WTF Wednesdays #10

This week’s WTF Wednesdays is going to be a rant of sorts. It’s not going to be humorous, and some readers may not enjoy this one as it’s not my usual satire, but it needs to be said.
This rant will be focused on two of my biggest current pet peeves on the topic of education-my chosen career.

Ignorant, Biased, Uneducated Opinions 

I’ve always been the type to speak my mind and to stand up for what is right. I’ve not always been perfect at doing this. Sometimes my voice isn’t loud enough, or I speak too late, or too soon. Sometimes what I really need to do is bite my tongue, but that tastes of blood and defeat, and those don’t agree with my stomach.

Ask any close friend or colleague (hell, anyone who’s my friend on Facebook), and they will tell you I have strong opinions, and I generally speak them.

As a teacher, this kind of outspokenness can literally mark a bullseye on your back. The general consensus in the teaching world is that you keep your strong opinions out of social media discussions and elsewhere. What this translates to me is that teachers should just do what they’re told and to not rock the already capsizing boat.

For someone with a mega mouth, this can be almost impossible to do. When I read the comments section on a story related to education, and I see some ignorant spouting garbage, it takes the power of the gods to ignore it and not respond with the wrath of Zeus.

I know that the state of education in the U.S. needs a lot of work, but until you’re a teacher/have done your homework and done it well/know exactly what life is like as a teacher, kindly sit down.

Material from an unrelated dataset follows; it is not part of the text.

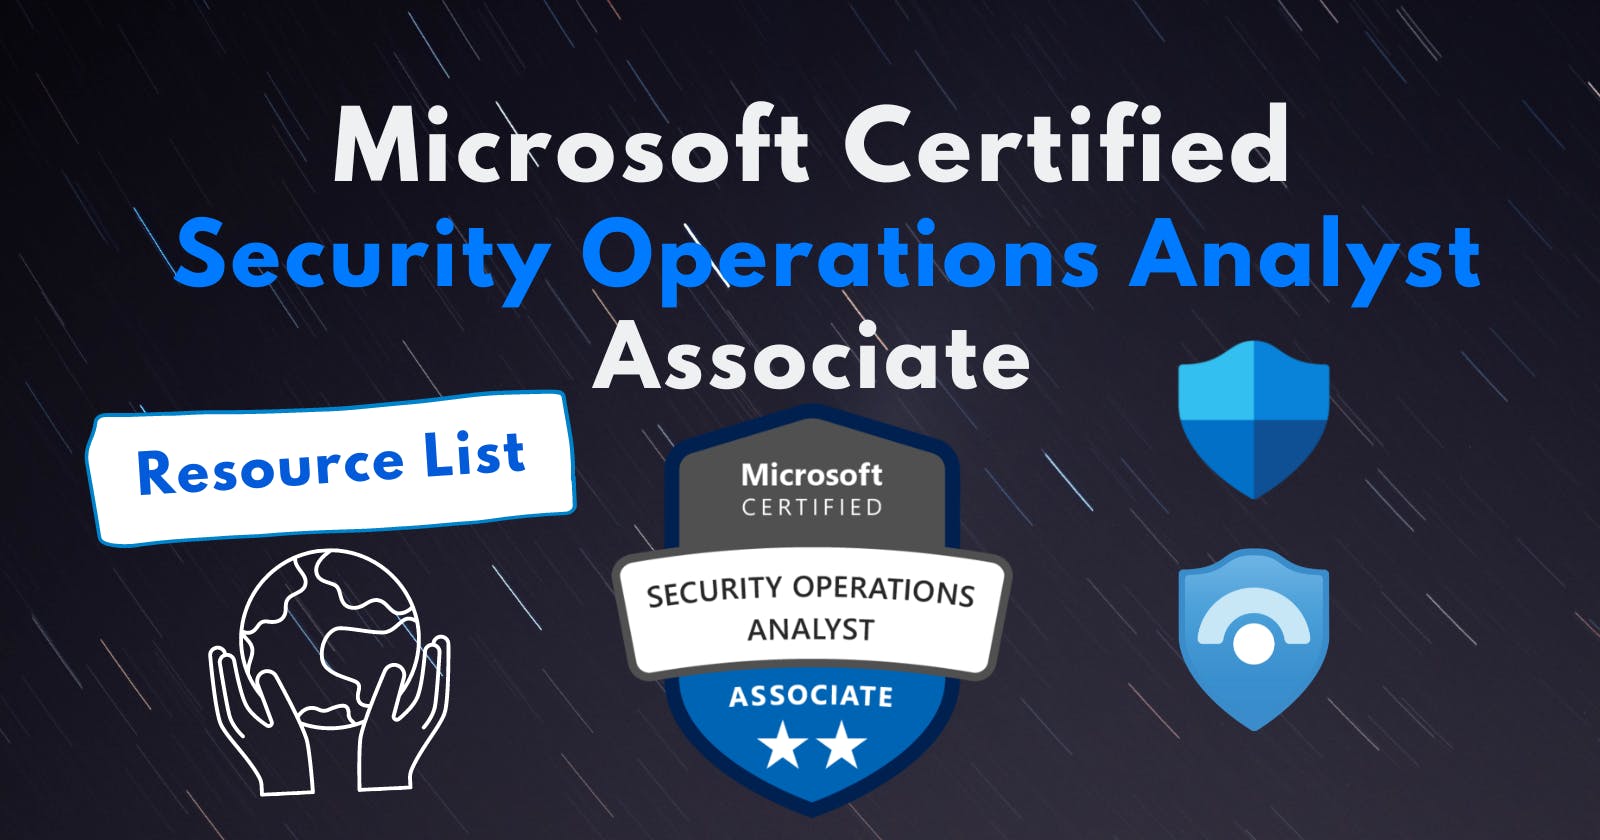 Microsoft Certified: Security Operations Analyst Associate | Resources

The very fact that teachers have to defend themselves and their careers against unfounded and ludicrous presumptions is sickening. Until teachers are paid what they’re worth, are treated with respect and regard (we are only molding the minds of our future, no big), and we are allowed to be the ones to make the big, policy-making decisions about what we know best, education in the United States won’t improve.

I was reading the comments section on a We Are Teachers article, and one teacher said that teachers need to stop referring to teaching as a calling, as it creates the illusion that it’s more akin to pledging our undying devotion to being a nun instead of it being a paid career. I couldn’t agree more.

You Can’t Win 

It’s a tumultuous time to be an educator, because we don’t really value education as a society. It’s a nice idea, but when it takes from our pocketbooks, it’s a burden. As such, there is never enough funding.

Teaching, support, and admin positions are being cut all across the district where I teach. Amidst these cuts is a new reading law that requires reading specialists and highly effective teachers. Yet, the specialist positions are the first to go at schools losing teachers. Truly highly effective teachers can’t make the grade anymore due to new, near-impossible evaluation criteria.

If a student in my district isn’t reading by third grade, they can be held back and must be placed in a classroom being taught by a teacher rated as highly effective. Due to the new evaluation criteria, there won’t be any highly effective teachers (well, there are, and there will be, but not on paper).

Hmm.

As a teacher at a struggling school, I have to make the decision about how I will teach my students, with the knowledge that high stakes tests and other classroom assessments will ultimately be how I am evaluated and paid. I do not agree with teaching to the test, as it merely prepares students to take tests and not life. However, if I do not prepare my students enough for these assessments, I am left being the one losing out.

It is a painful Catch-22.

So, in preparing my students for the high-stakes tests they will be taking, the very tests that will be considered in how my school is rated and, in turn, how I’ll be evaluated, I wonder how well the student making fart noises during our practice test will do.

In essence, my livelihood is dependent on how well little people who still eat their boogers do on tests. That is terrifying.

And, we wonder why education is failing and teachers are leaving in droves.

Despite all of this, I care deeply for my students, my fellow teachers in arms, and education. I will be an advocate for change. It is time for teachers to start speaking out, standing up for themselves, and working to make the changes that we all know need to be made.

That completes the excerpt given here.